In the book Star Bellied Sneetches there are two groups of sneetches, those with stars on their bellies and those without. The ones with the stars are considered the upper class, the ones without aspire to have stars. Along comes an enterprising chap named Sylvester McMonkey McBean who can put stars on the bellies of those without for a nominal fee. Once everyone has stars it’s now high fashion to not have a star. Fortunately Mr McBean can also remove the stars for a nominal fee. He continues taking stars on and off until he has all of the Sneethches money. The Sneetches are now poorer but wiser having learned the lessons of discrimination. While that’s a noble lesson to learn it’s not where my focus lies, I want to look at Mr. McBean. McBean found a market and catered to it. He then went on to create another market in direct opposition to the first market, in fact in the end he controlled both sides of the market, a favorable position to be in.

When I build a website whether I use my own home grown CMS or something like Wordpress building the actual pages is very easy. Researching the topic and writing the copy is the most time consuming part of the project. To leverage that time spent to my advantage I’ll create two or three websites around the topic. What I will also do is create another website or two with an opposing viewpoint. For example build one site pushing payday loans and high interest credit cards, then build another helping people clean up their finances. Another example is build a website for diet pills then build an opposing website with organic healthy products. This provides some stability to your income when market conditions shift.

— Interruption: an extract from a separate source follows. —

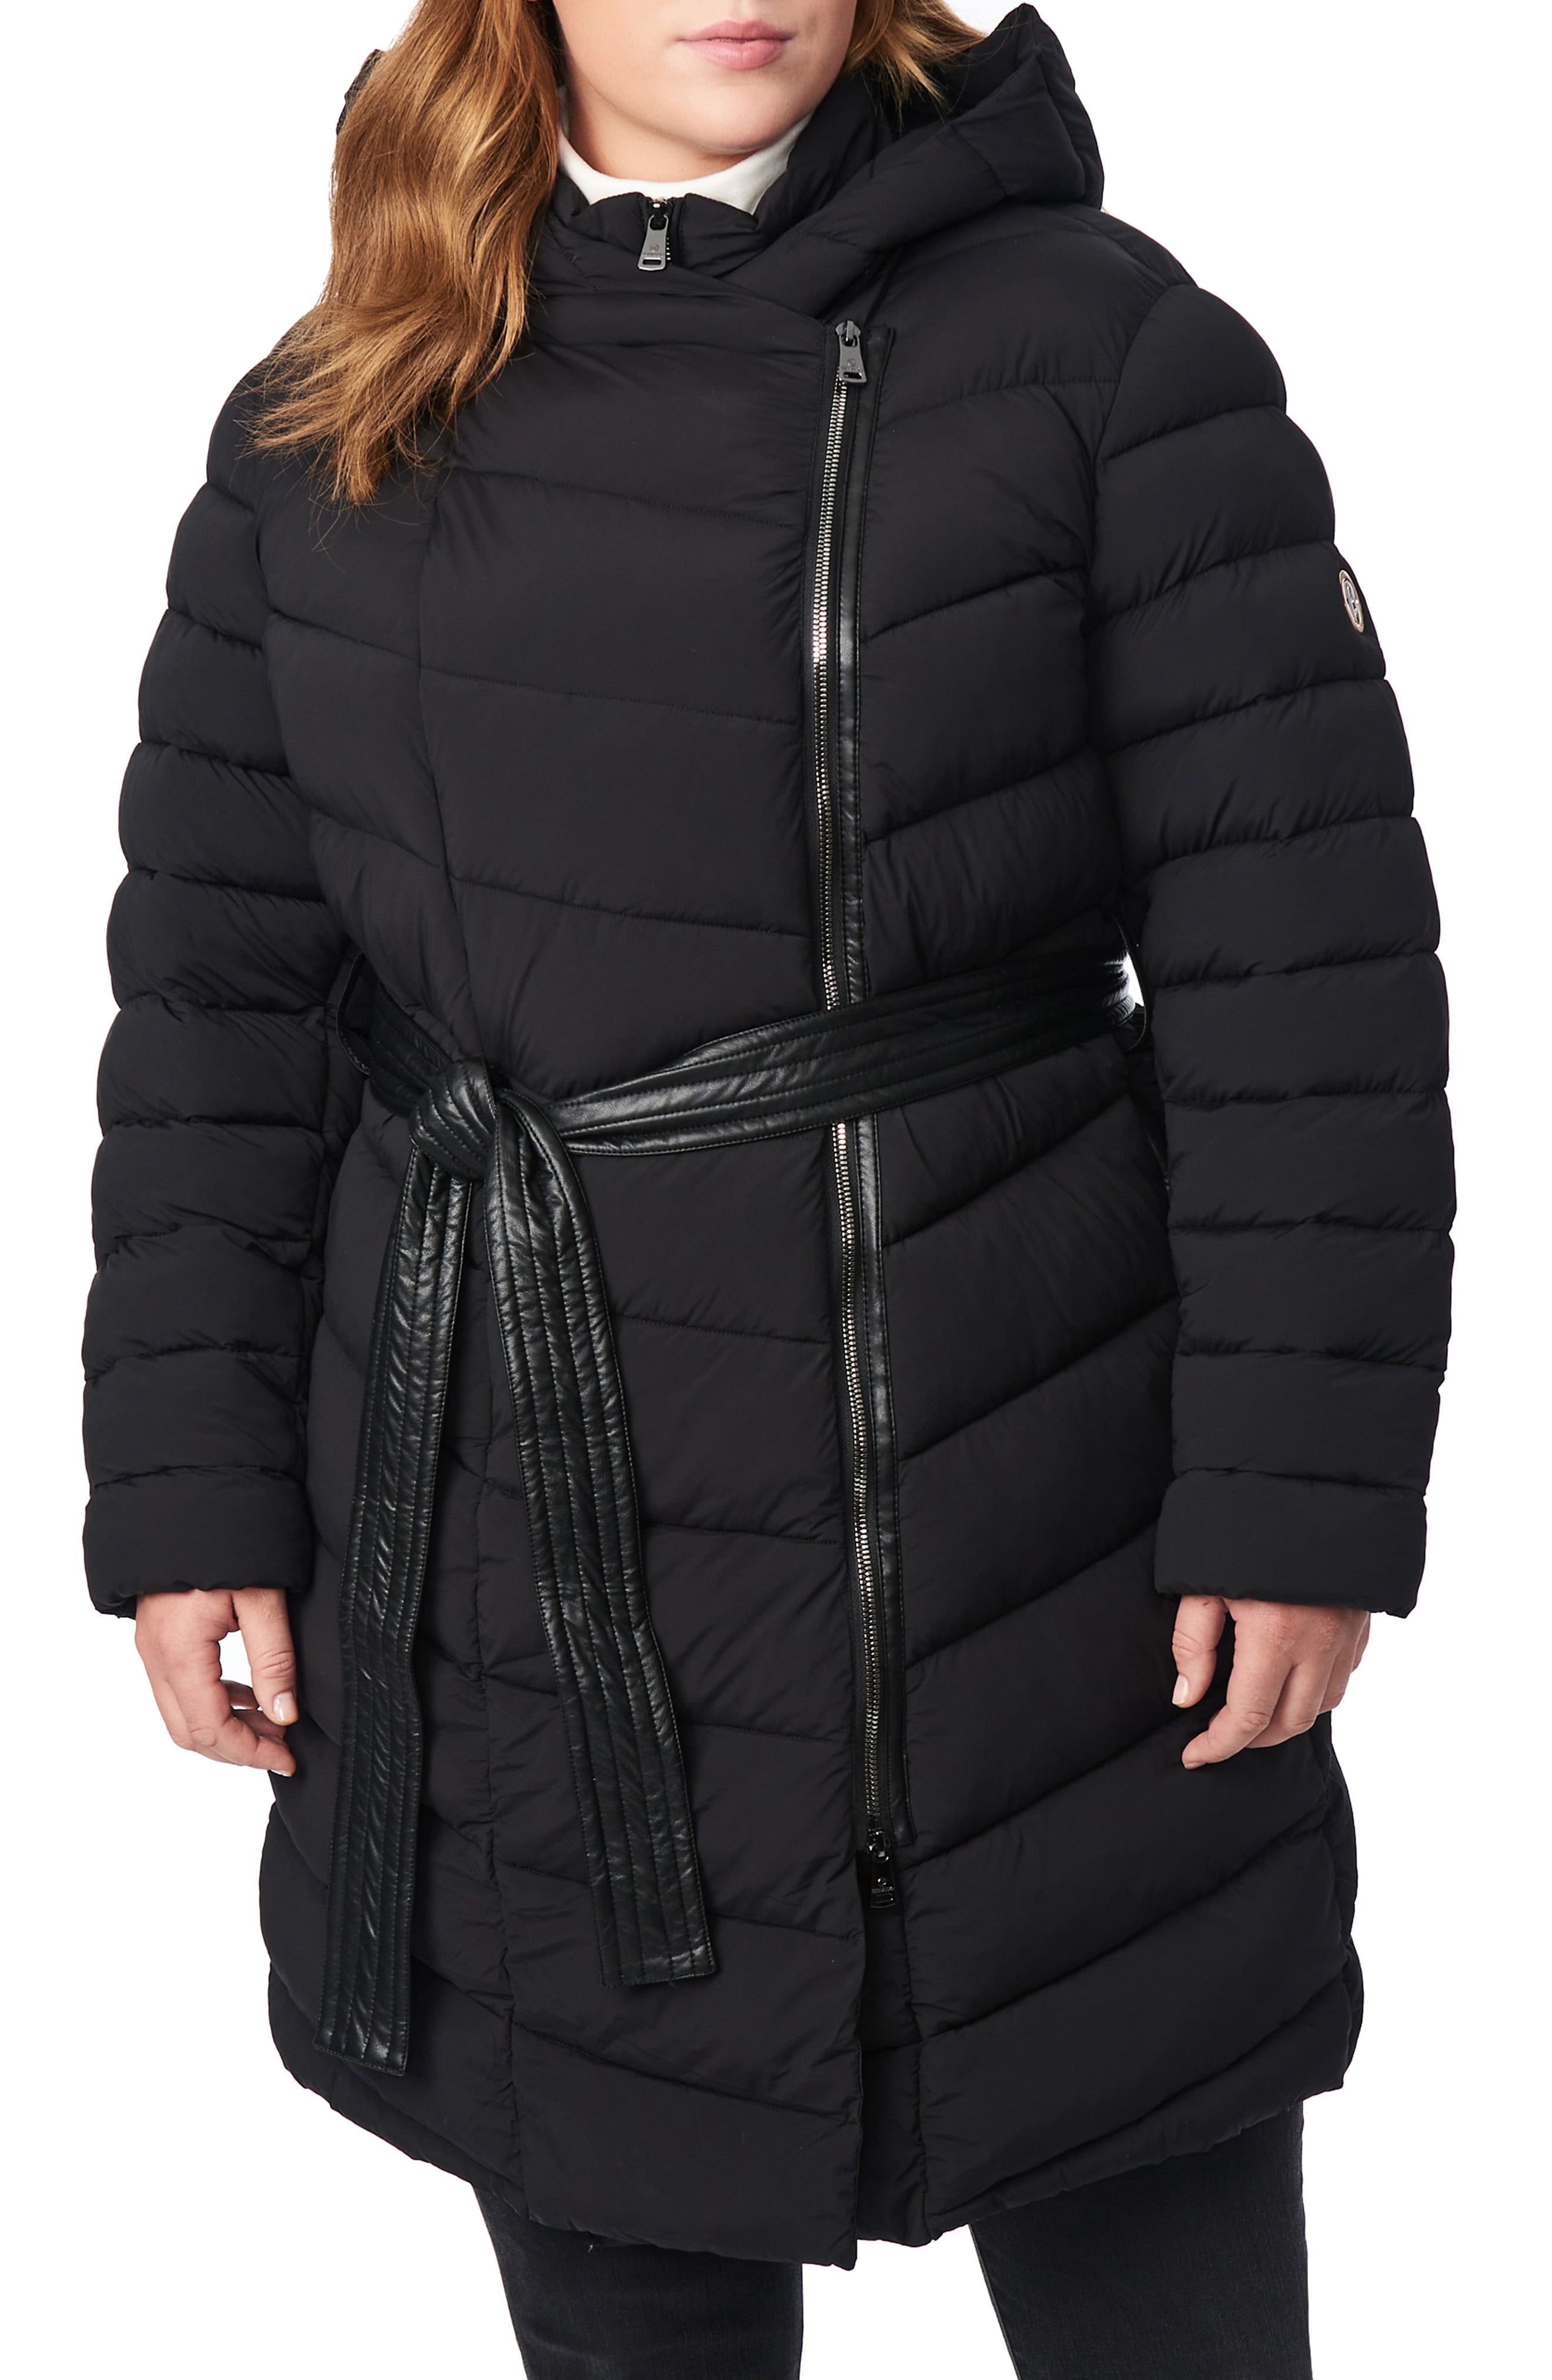 ladies winter coats size 20

This approach however is not without some risk,like when AdWords and Overture account reps squeal to merchants exactly who’s buying that competing advertisement for their trademark or product name. Lets just say getting those calls from affiliate managers aren’t any fun. Additionally you’ve got to create a nom de plume or pen name for your opposing viewpoints (which has it’s own set of problems). However my philosophy is best expressed in a quote from that classic film Muppet’s Treasure Island, where Floyd the guitarist says “don’t get involved in the politics man, just play the gig“.